Your instructions> Give a verbatim copy of the data, leaving the pictures out.

─── Data provided

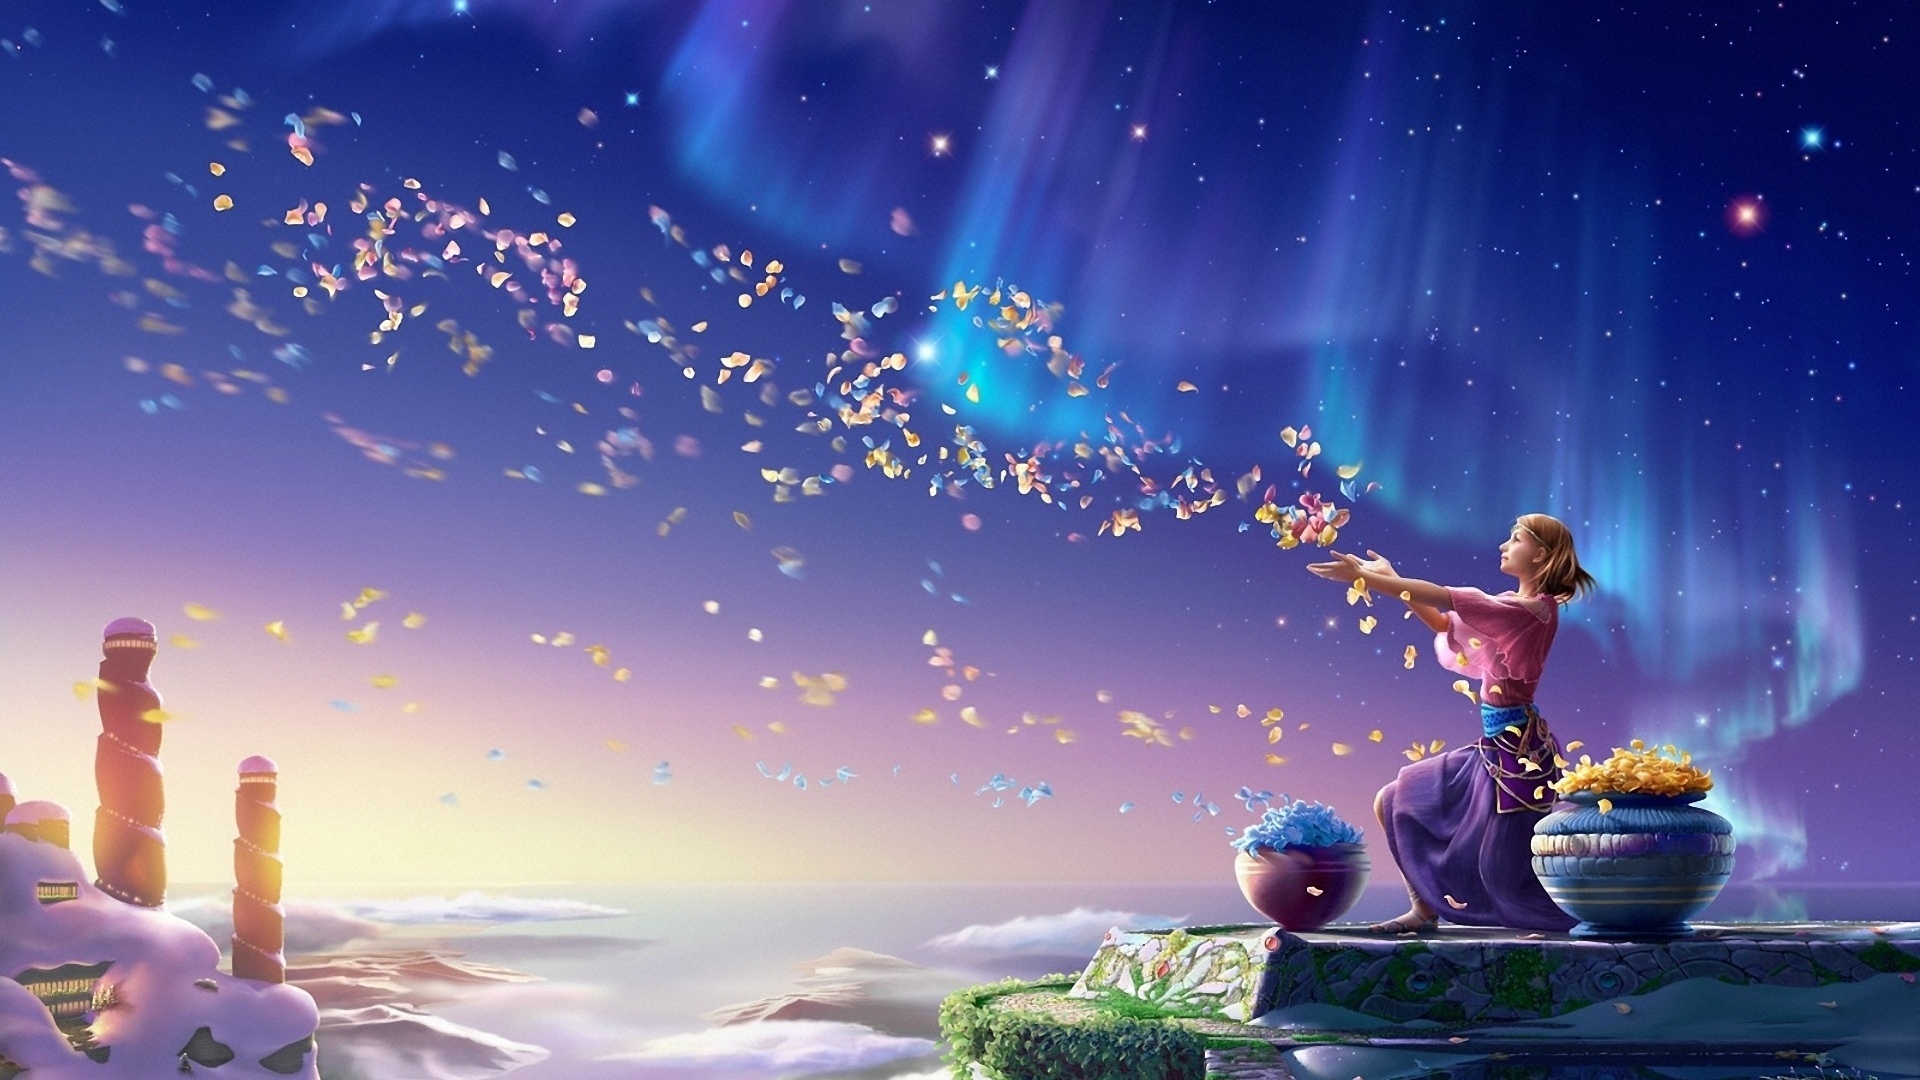 Девушка на фоне ночного неба бросает в воздух над городом лепестки цветов из стоящих рядом больших ваз
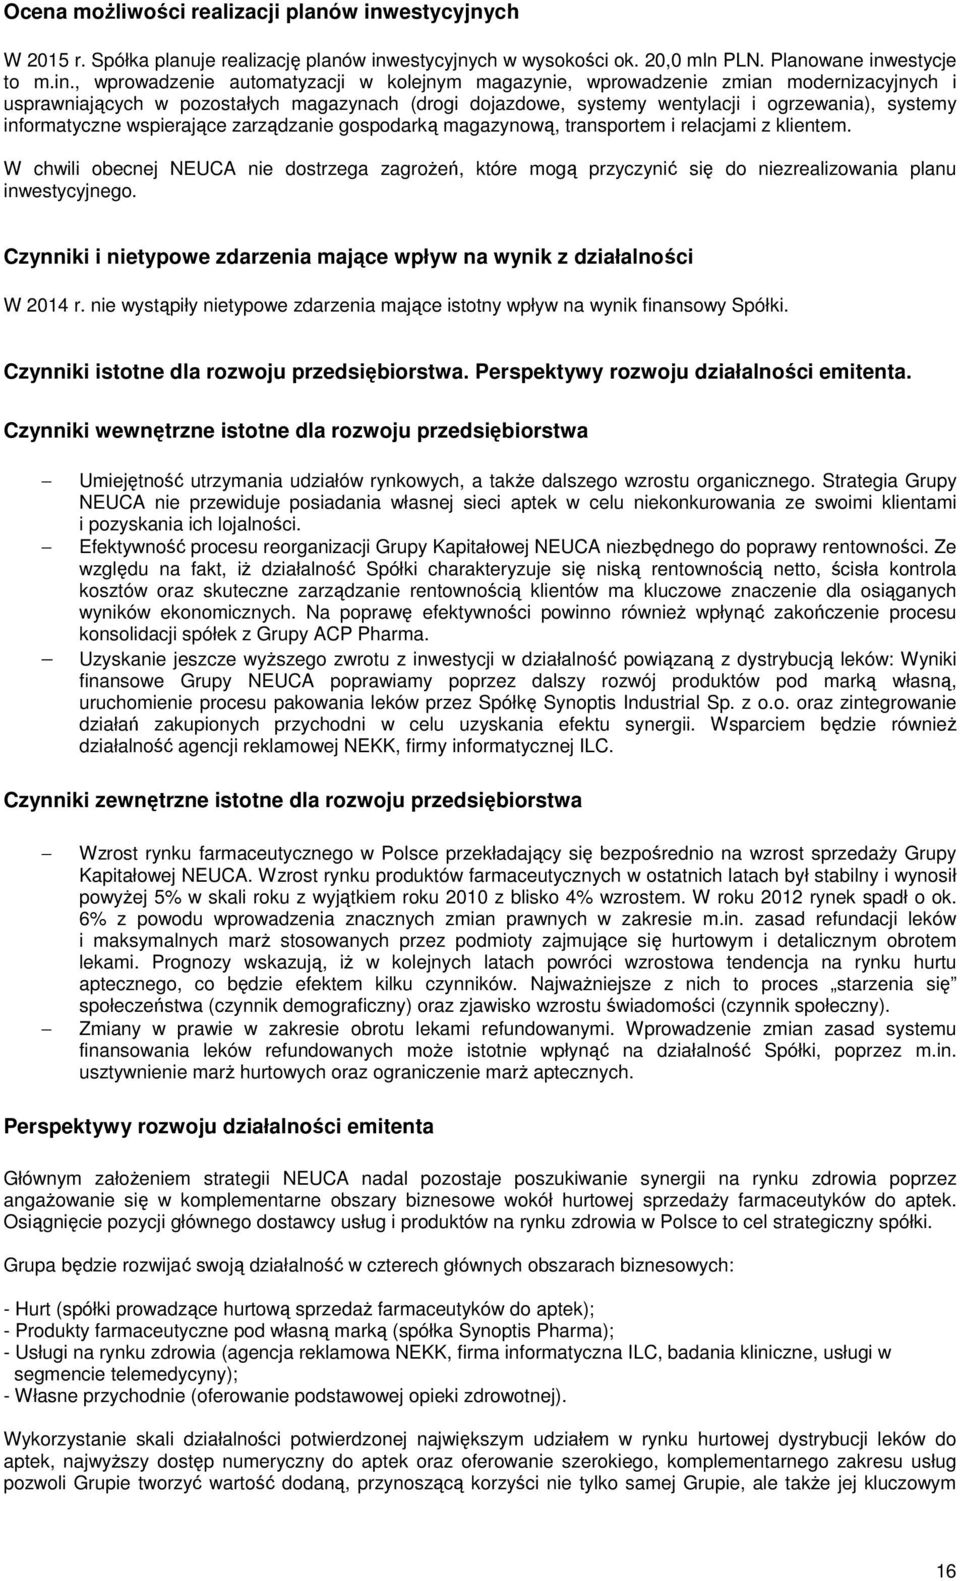 estycyjnych w wysokości ok. 20,0 mln PLN. Planowane inw
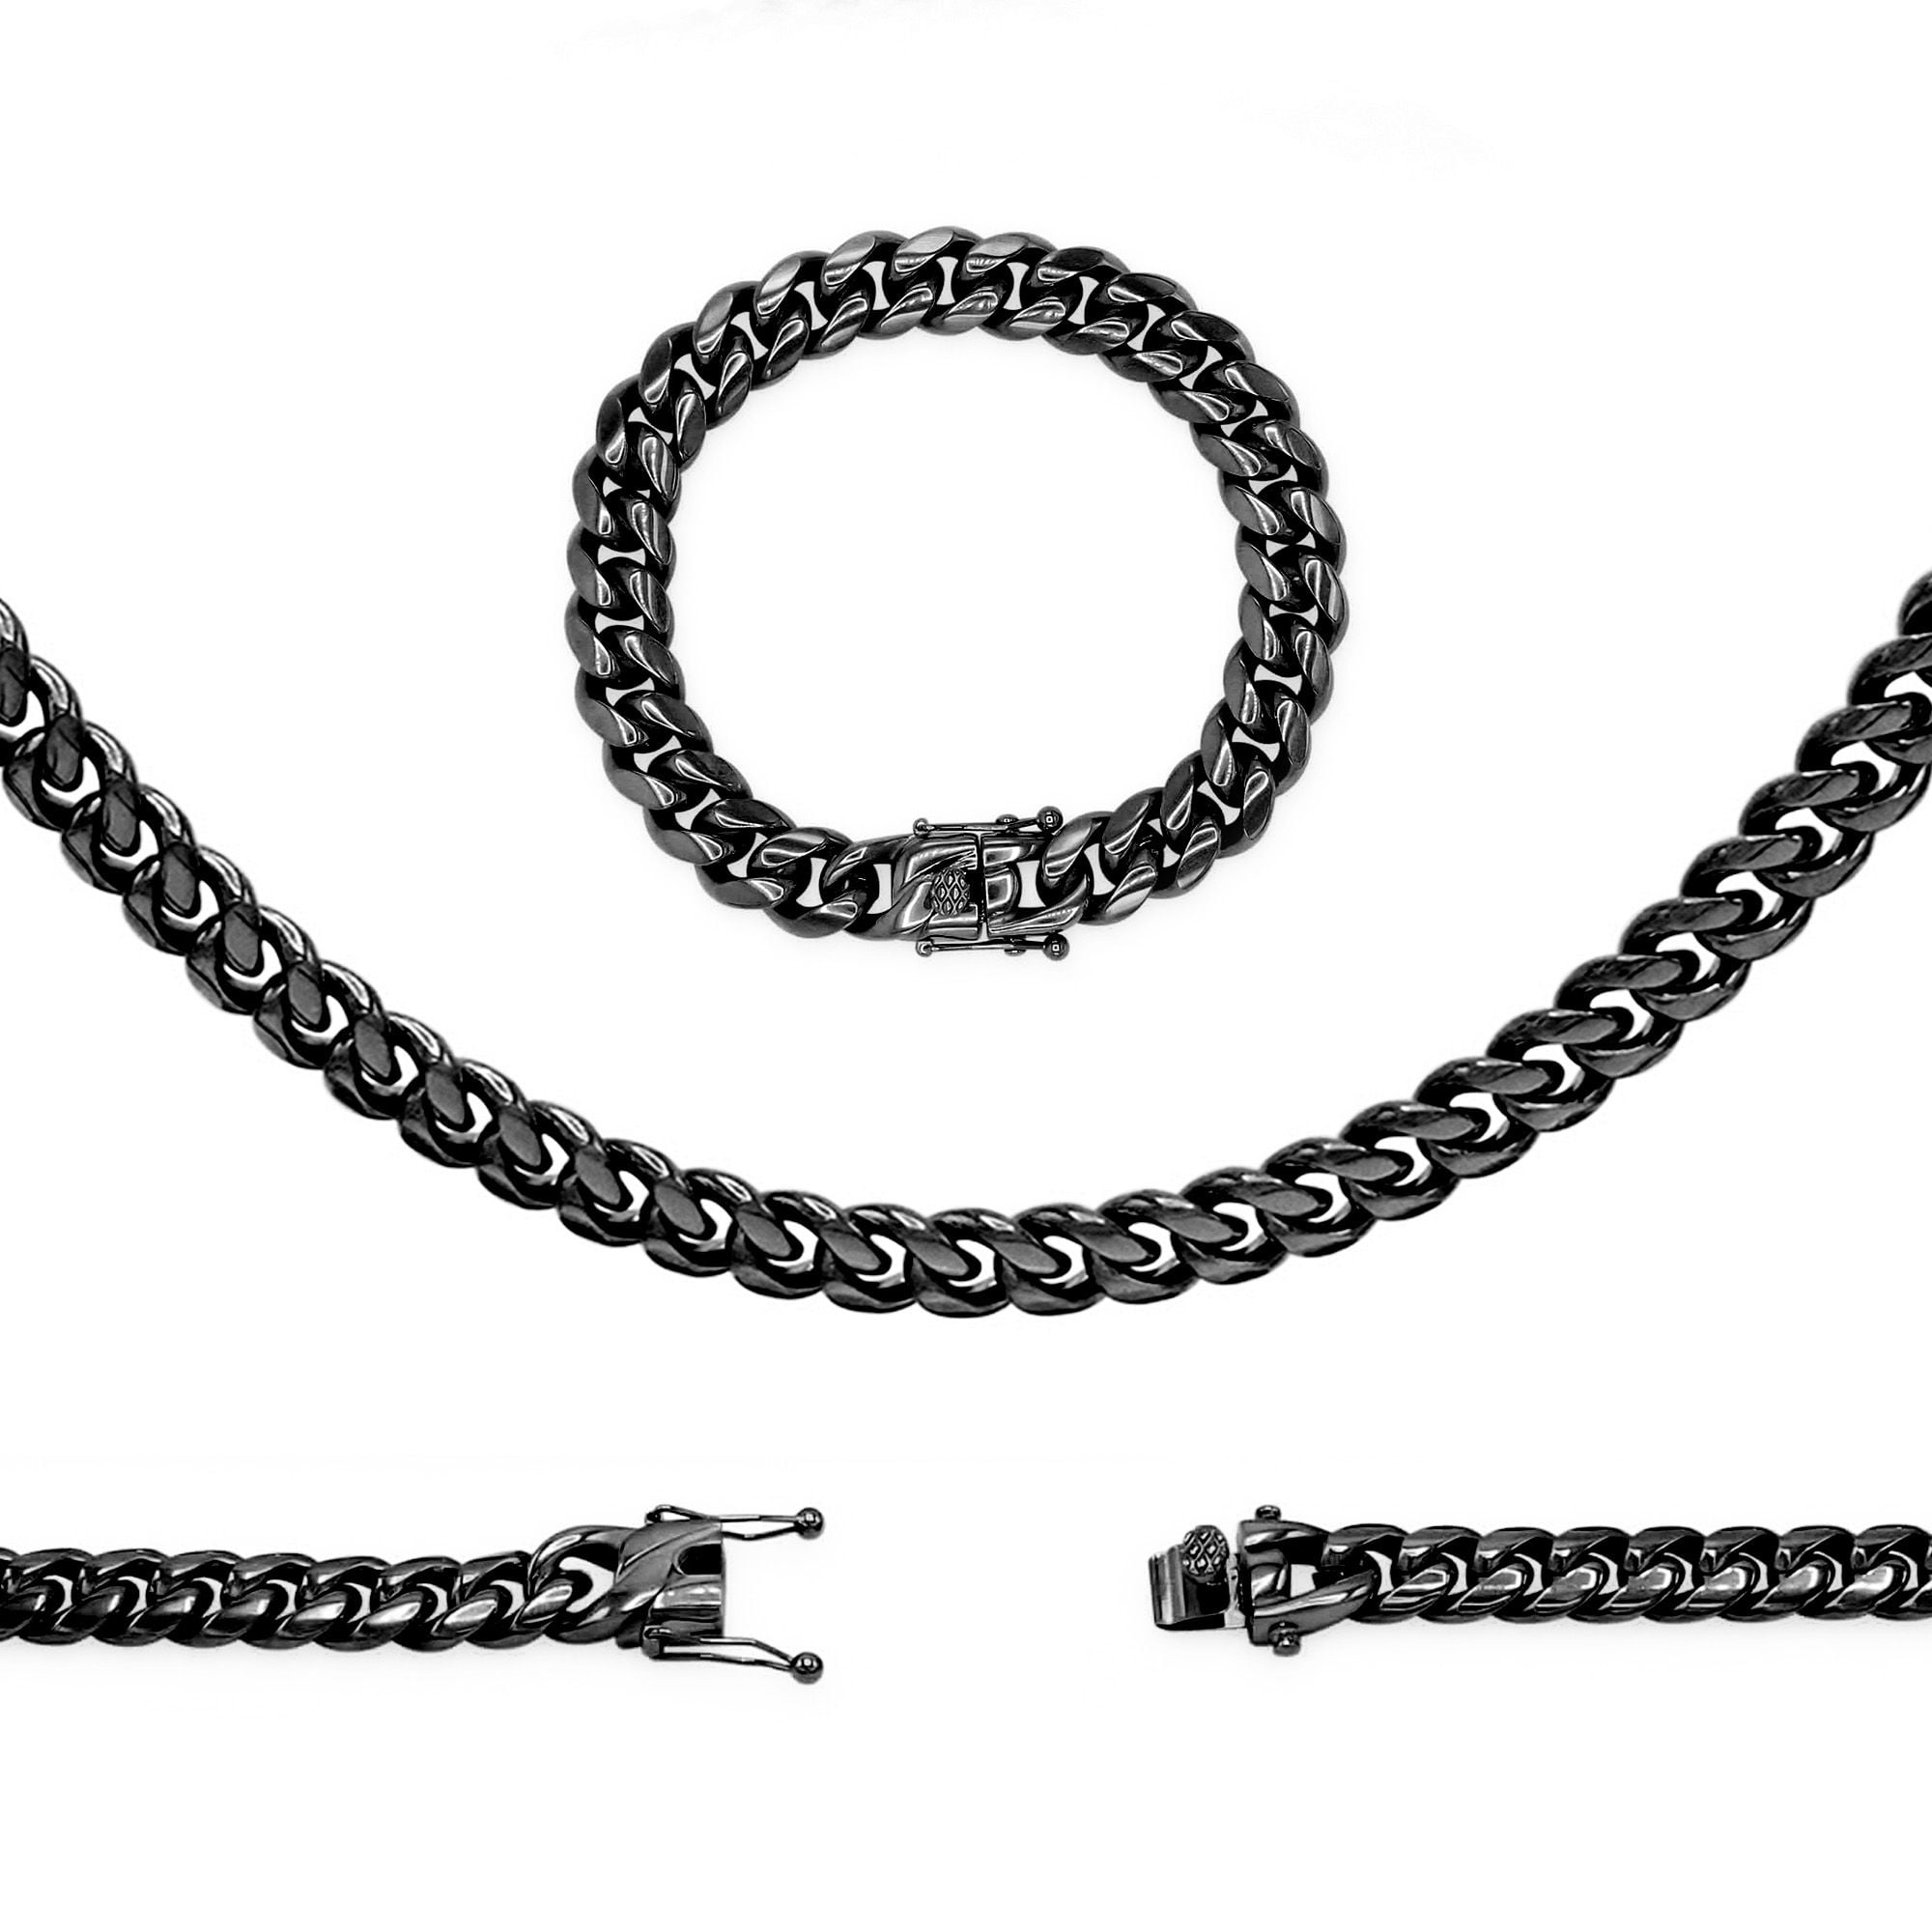 Metro Jewelry Stainless Steel Textured Bracelet Black Ip Plating Lock Extender

──────

The completed task>
 Девушка на фоне ночного неба бросает в воздух над городом лепестки цветов из стоящих рядом больших ваз
 estycyjnych w wysokości ok. 20,0 mln PLN. Planowane inw
 Metro Jewelry Stainless Steel Textured Bracelet Black Ip Plating Lock Extender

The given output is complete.